Des chercheurs alertent sur la montée rapide de la résistance aux antibiotiques d’un ancien tueur

Image d'illustration. Seringue vaccinADN
Des chercheurs alertent sur la progression rapide de la résistance aux antibiotiques d’un agent pathogène ancien, autrefois maîtrisé par les traitements. Cette évolution menace l’efficacité des thérapies actuelles et suscite de vives préoccupations dans la communauté scientifique.
Tl;dr
- La typhoïde devient résistante aux antibiotiques majeurs.
- Les souches XDR se répandent rapidement à l’échelle mondiale.
- La vaccination est essentielle pour freiner la crise émergente.
Une menace qui ressurgit
Il fut un temps où la fièvre typhoïde, cette maladie millénaire, représentait une crainte constante dans de nombreux pays. Aujourd’hui, bien que largement jugulée dans les États développés, elle fait un retour remarqué sur le devant de la scène mondiale, portée par une évolution préoccupante de son agent infectieux : le Salmonella enterica sérovar Typhi, ou S. Typhi.
Le problème ? Ce bacille adopte désormais des mécanismes sophistiqués de résistance aux antibiotiques. Une étude internationale publiée en 2022 a mis en lumière l’ampleur du phénomène : les chercheurs ont séquencé près de 3 500 génomes issus de cas enregistrés entre 2014 et 2019 dans des pays d’Asie du Sud tels que le Népal, le Bangladesh, le Pakistan et l’Inde. Le constat est sans appel : les souches dites XDR (pour « extensively drug-resistant ») progressent à grande vitesse, remplaçant peu à peu les variantes plus sensibles.
XDR Typhi : un péril mondial
Les souches XDR ne se contentent pas d’être imperméables aux antibiotiques traditionnels comme l’ampicilline ou le chloramphénicol ; elles commencent aussi à défier les traitements plus récents, incluant fluoroquinolones et céphalosporines de troisième génération. Plus inquiétant encore, ces super-bactéries se propagent bien au-delà des frontières sud-asiatiques. Depuis 1990, près de 200 cas d’exportation ont été identifiés vers l’Afrique de l’Est et du Sud-Est, mais aussi jusqu’au Royaume-Uni, aux États-Unis et au Canada.
Face à cette montée en puissance, le Pr Jason Andrews (Stanford University) confiait : « La vitesse à laquelle ces souches résistantes émergent et circulent internationalement suscite une vive inquiétude et souligne l’urgence d’élargir les mesures préventives. » Cette alerte n’est pas nouvelle ; dès 2016 au Pakistan était isolée la première souche XDR. Trois ans plus tard, elle dominait déjà localement.
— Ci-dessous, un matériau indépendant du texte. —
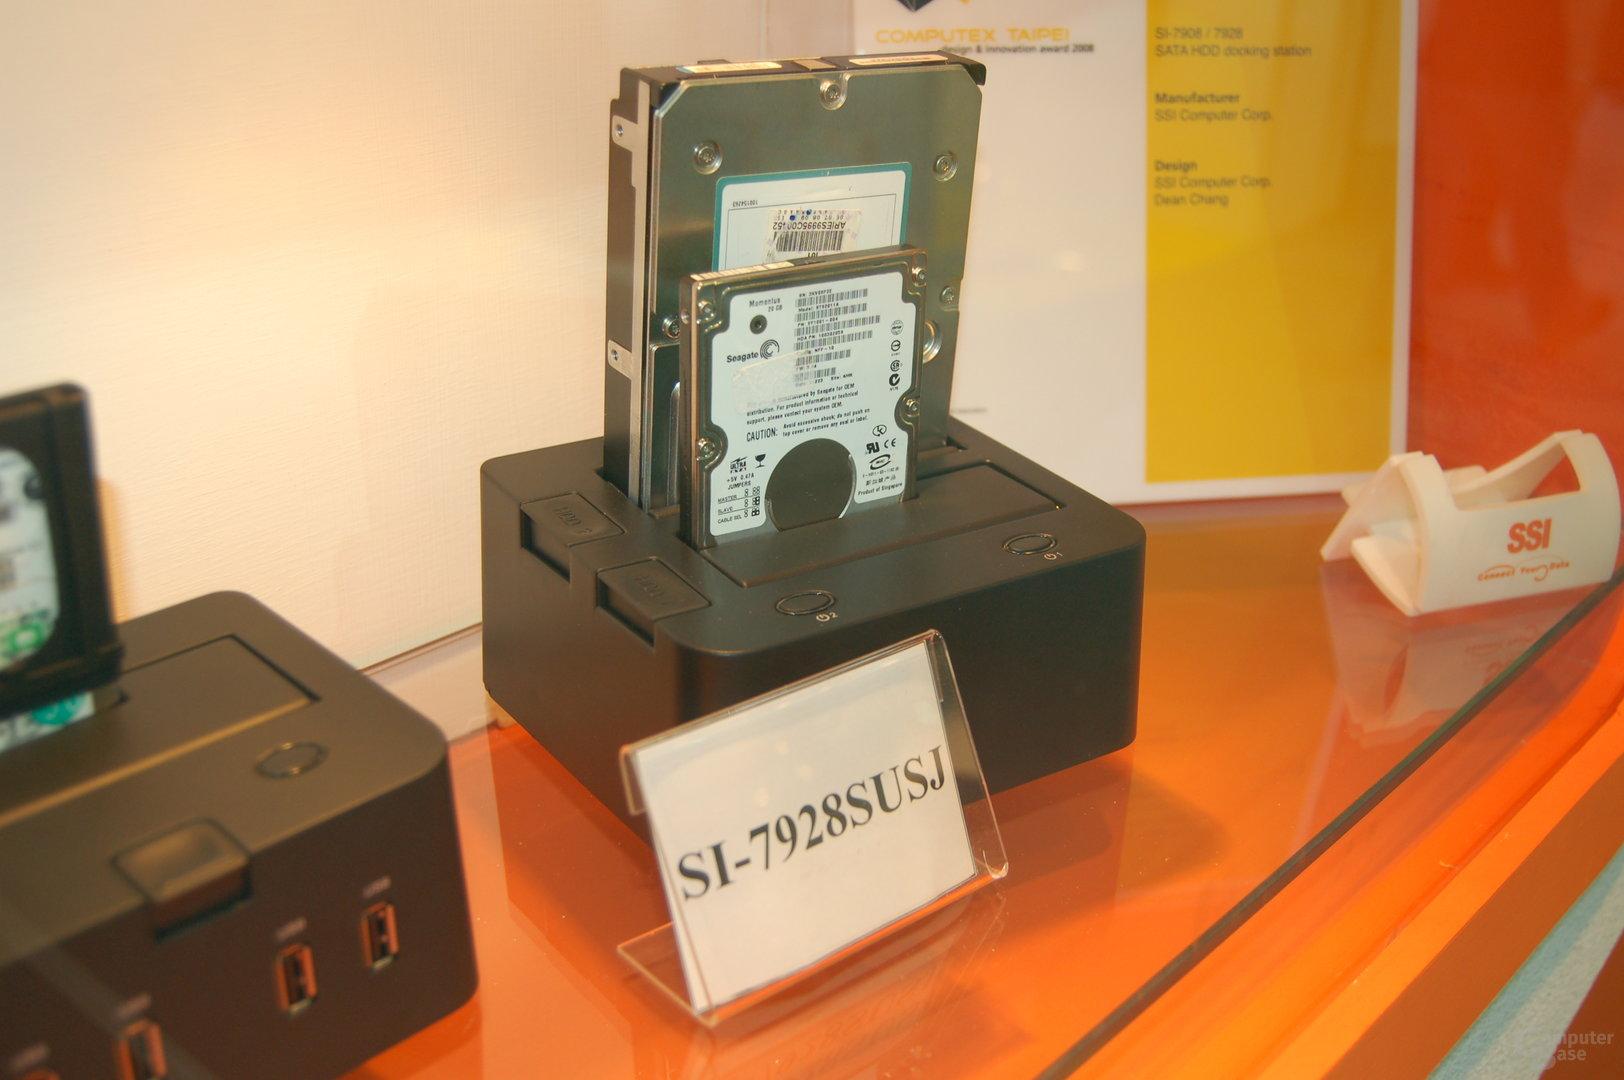 Modell für zwei Festplatten

L’arsenal thérapeutique s’épuise
Pendant des décennies, l’espoir reposait sur les antimicrobiens de dernière génération — quinolones ou macrolides notamment. Hélas, dès le début des années 2000 en Asie du Sud-Est, plus de 85 % des isolats portaient déjà une résistance aux quinolones ; quant à la céphalosporine, elle subissait le même sort. Aujourd’hui, il ne reste qu’une option orale : l’azithromycine. Mais la fenêtre se referme rapidement : selon les scientifiques ayant mené l’étude récente, des mutations facilitant sa résistance se multiplient dangereusement. Si ces dernières venaient à être intégrées par XDR S. Typhi… alors tous les traitements oraux actuels pourraient devenir inefficaces.
Vaccination et prévention : des solutions pressantes
Devant ce panorama sombre — rappelons que la maladie peut être mortelle dans un cas sur cinq si non traitée — la solution passe principalement par la vaccination. Plusieurs experts soulignent que :
- L’introduction massive du vaccin conjugué contre la typhoïde pourrait prévenir jusqu’à 36 % des cas chez les enfants urbains (d’après une étude indienne).
Des pays comme le Pakistan montrent la voie en généralisant ces campagnes vaccinales ; l’OMS a validé quatre vaccins depuis avril 2025 pour accompagner ce mouvement mondial.
Rien n’indique que ce défi sanitaire restera circonscrit à une seule région du globe. L’histoire récente nous enseigne que les maladies savent franchir toutes les frontières — raison supplémentaire pour investir sans délai dans la recherche et rendre accessibles ces vaccins partout où ils sont nécessaires.